• Data below
::::
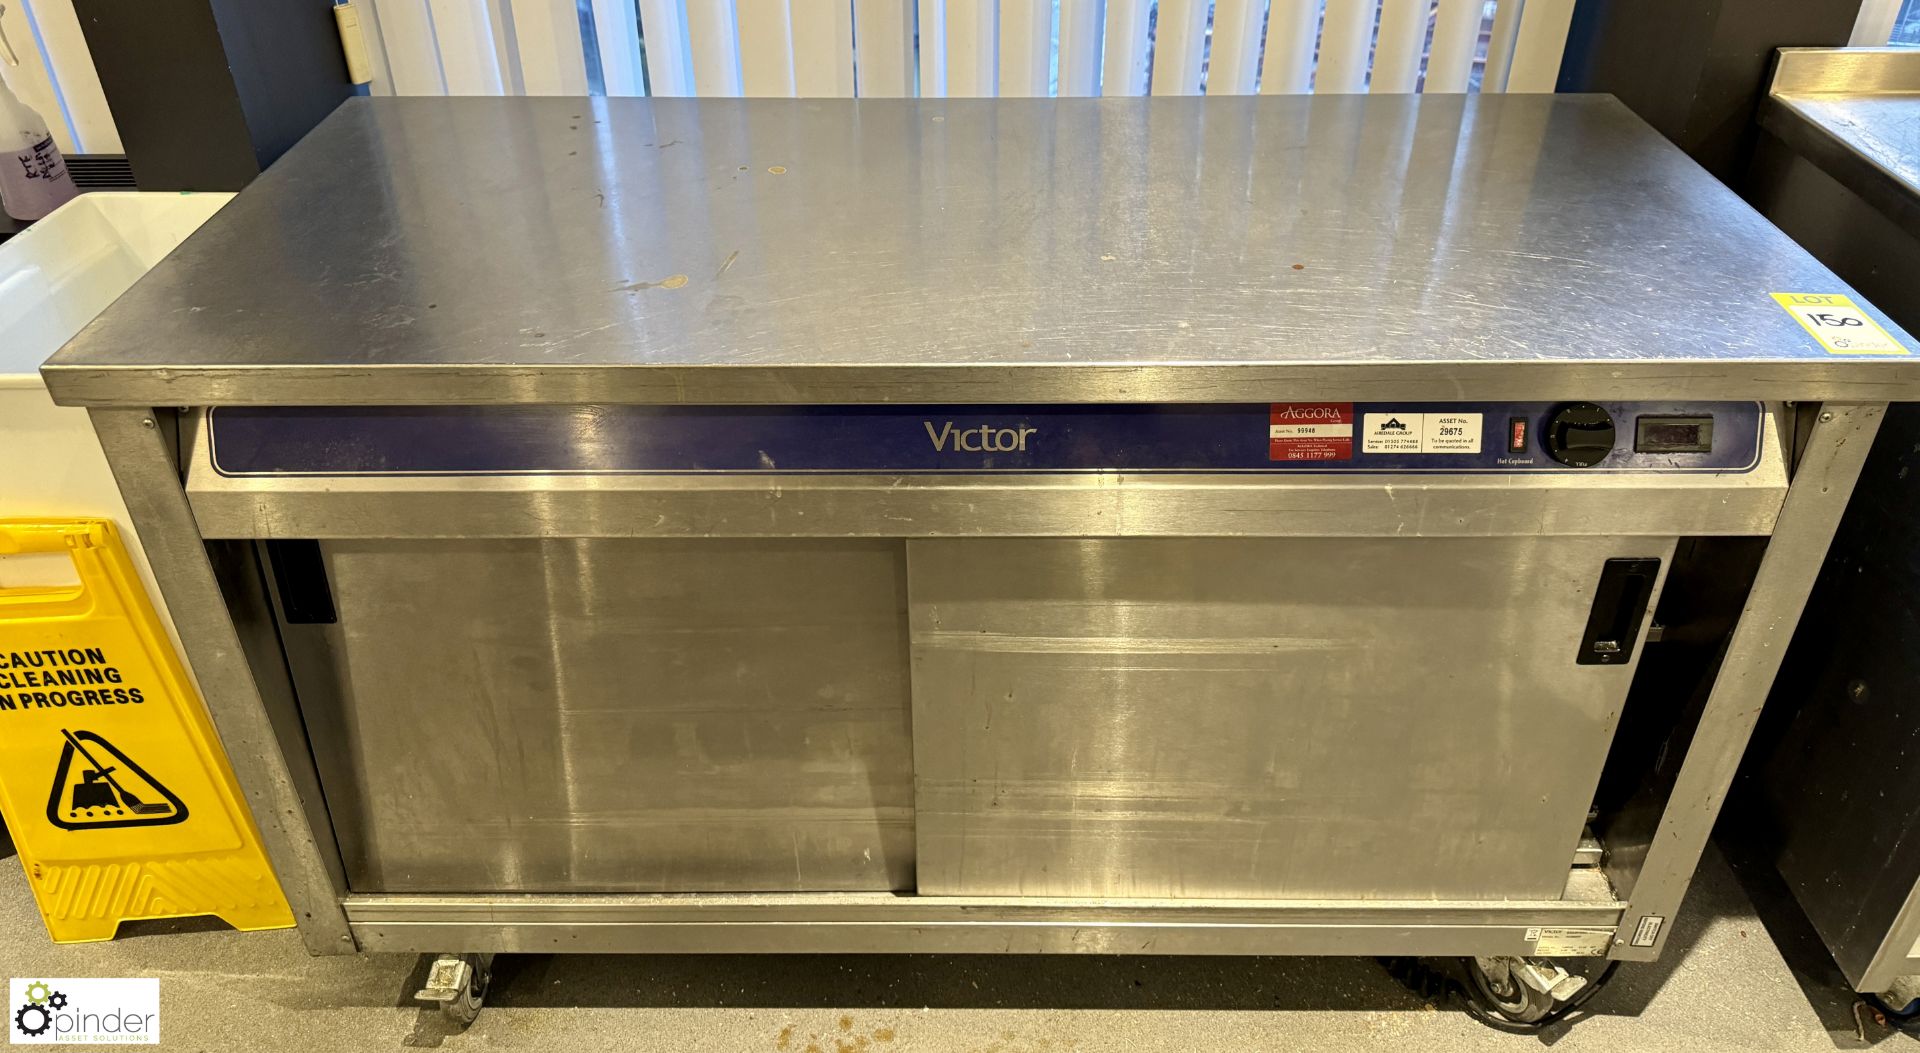 Victor stainless steel mobile twin door Heated Cabinet, 240volts, 1530mm x 670mm x 900mm (location - Image 2 of 5
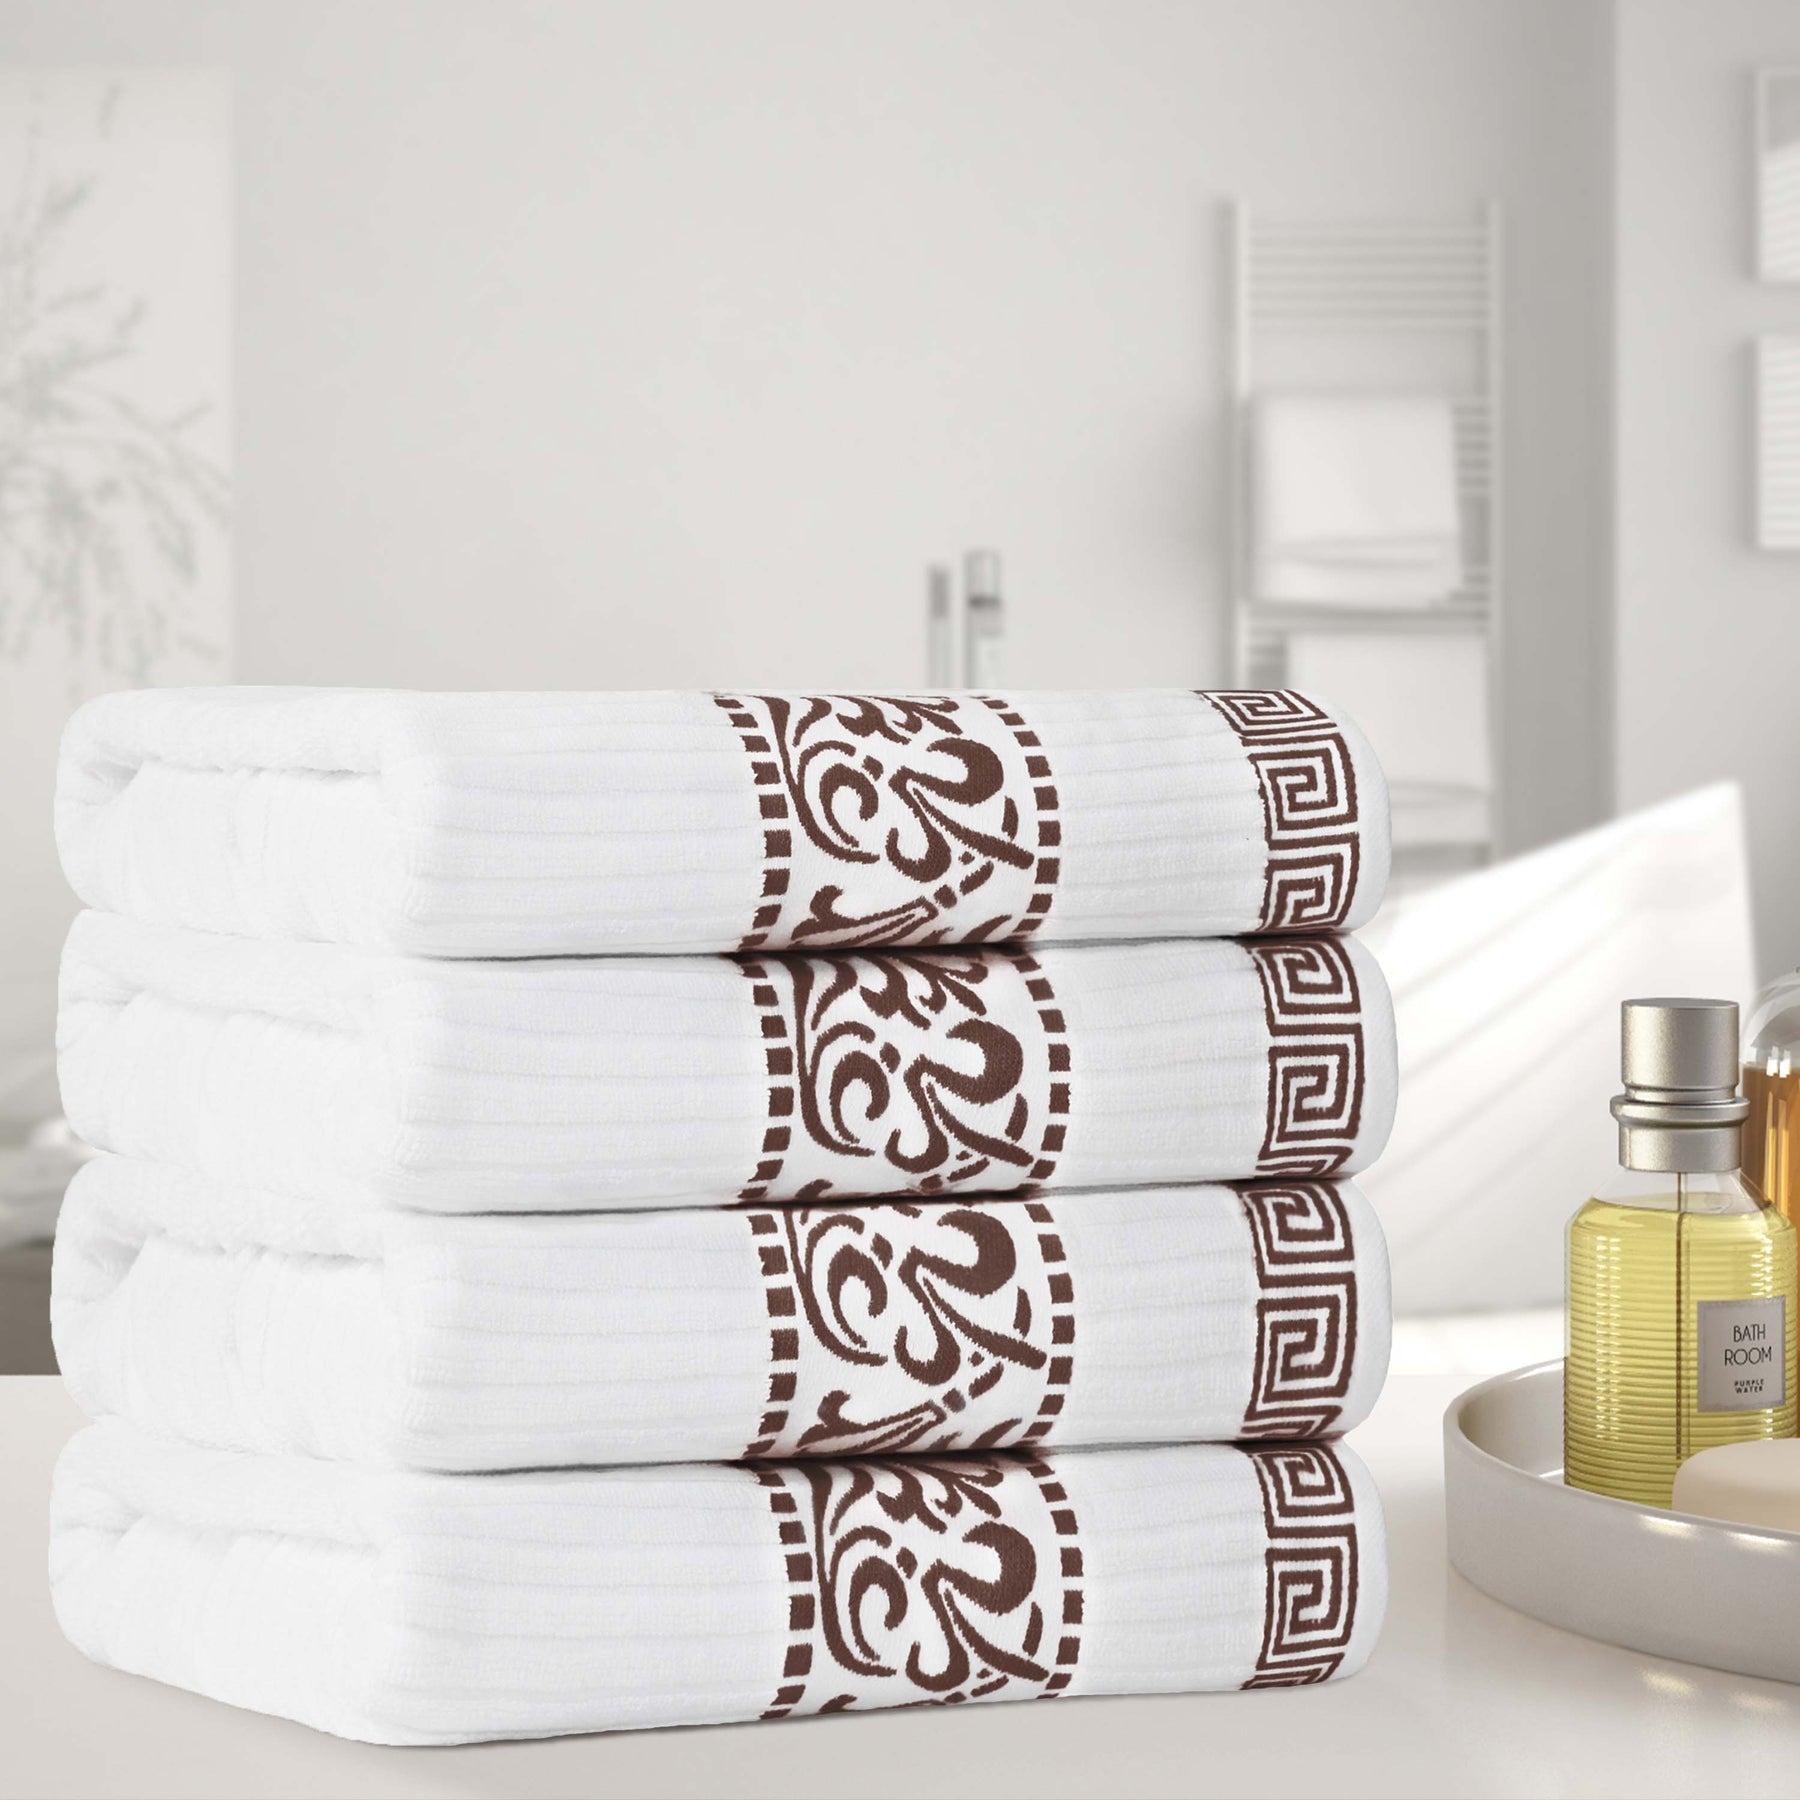 Superior Athens Cotton 4-Piece Bath Towel Set with Greek Scroll and Floral Pattern - White-Chocolate
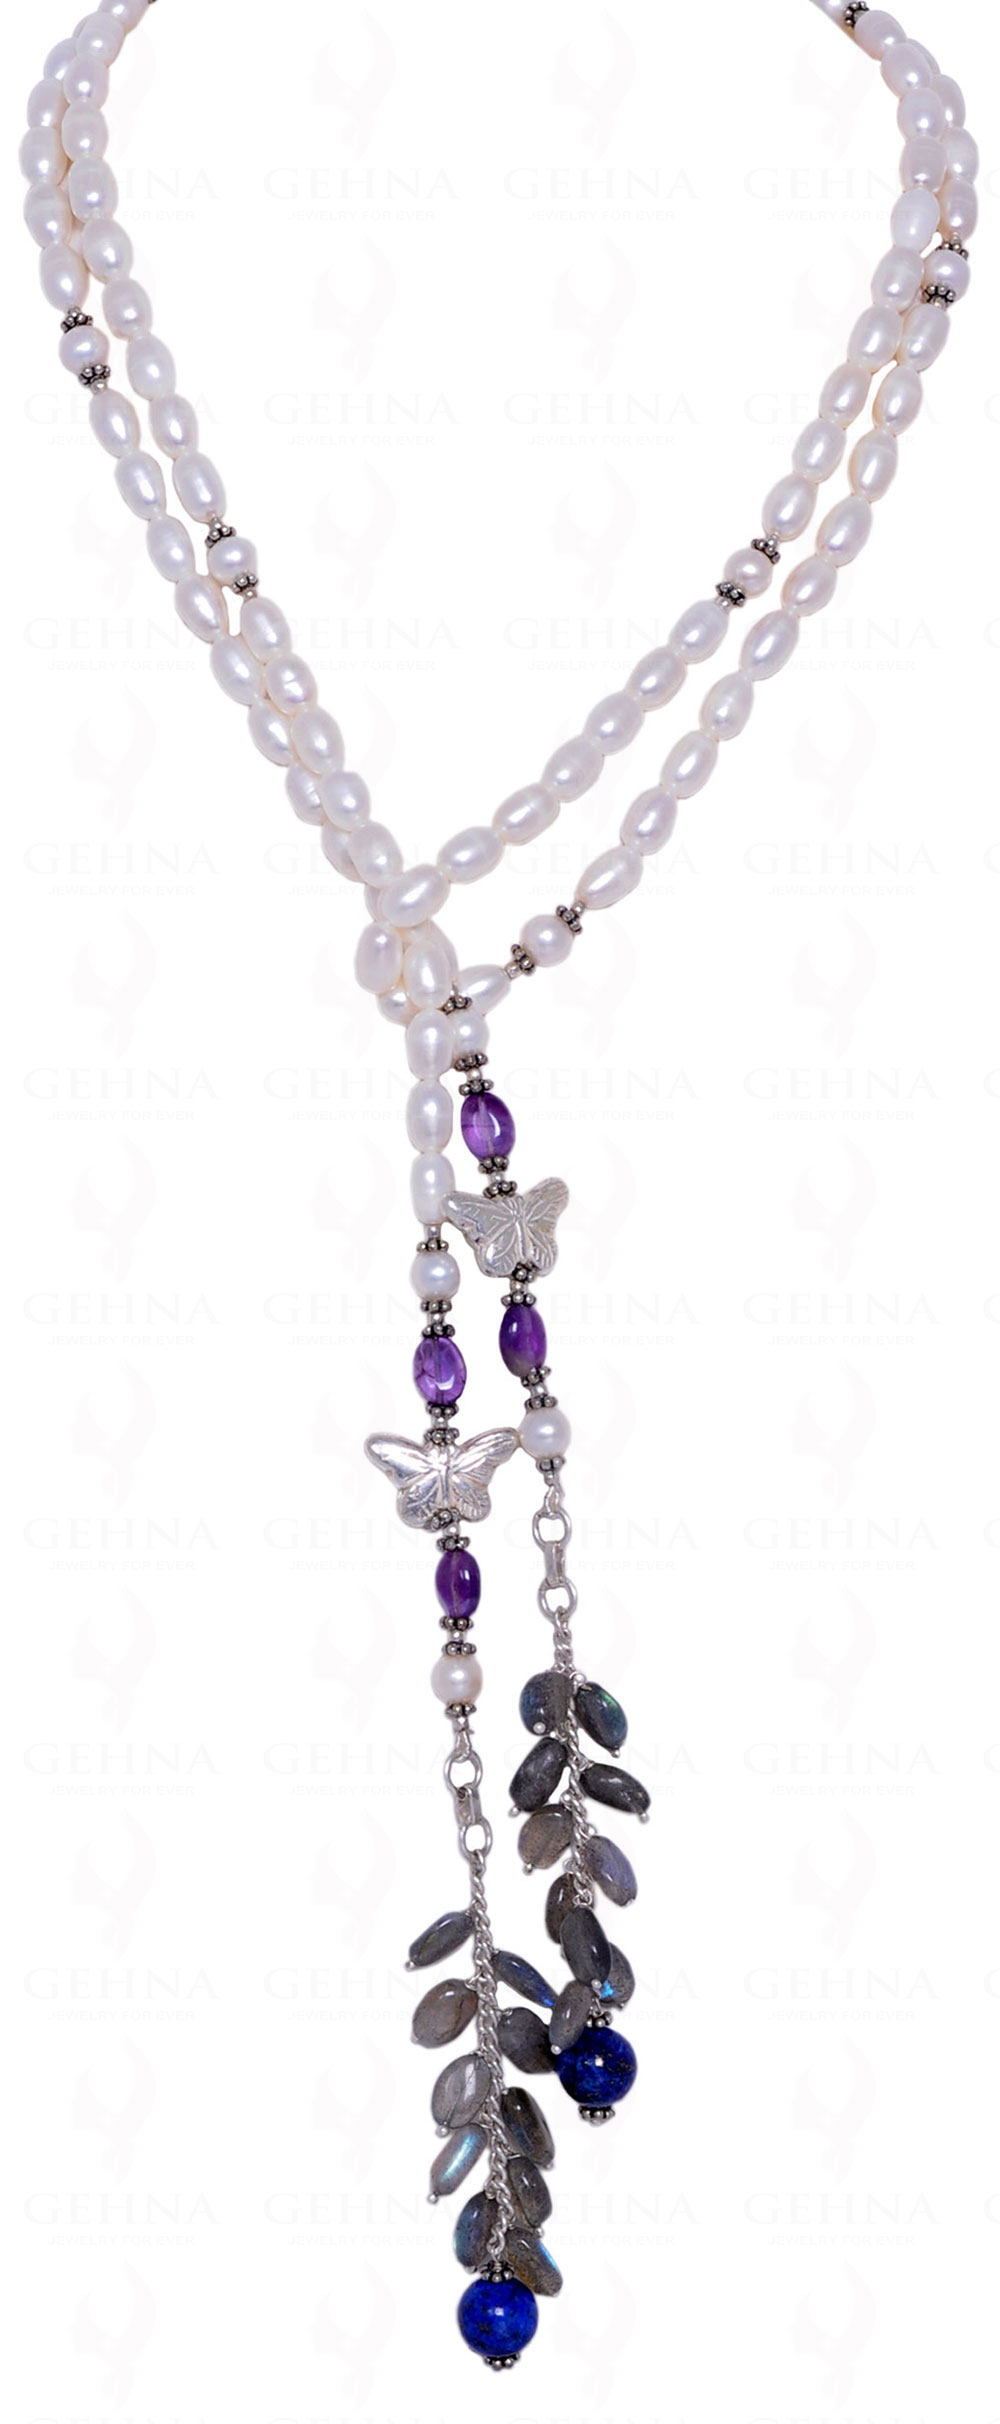 Pearls, Labradorite, Lapis & Amethyst Bead 52" Inches Long Necklace NM-1039
::::
Without the pictures, transcribe the listing exactly as it stands.

• Solution for this exercise
 Victor stainless steel mobile twin door Heated Cabinet, 240volts, 1530mm x 670mm x 900mm (location - Image 2 of 5
 Superior Athens Cotton 4-Piece Bath Towel Set with Greek Scroll and Floral Pattern - White-Chocolate
 Pearls, Labradorite, Lapis & Amethyst Bead 52" Inches Long Necklace NM-1039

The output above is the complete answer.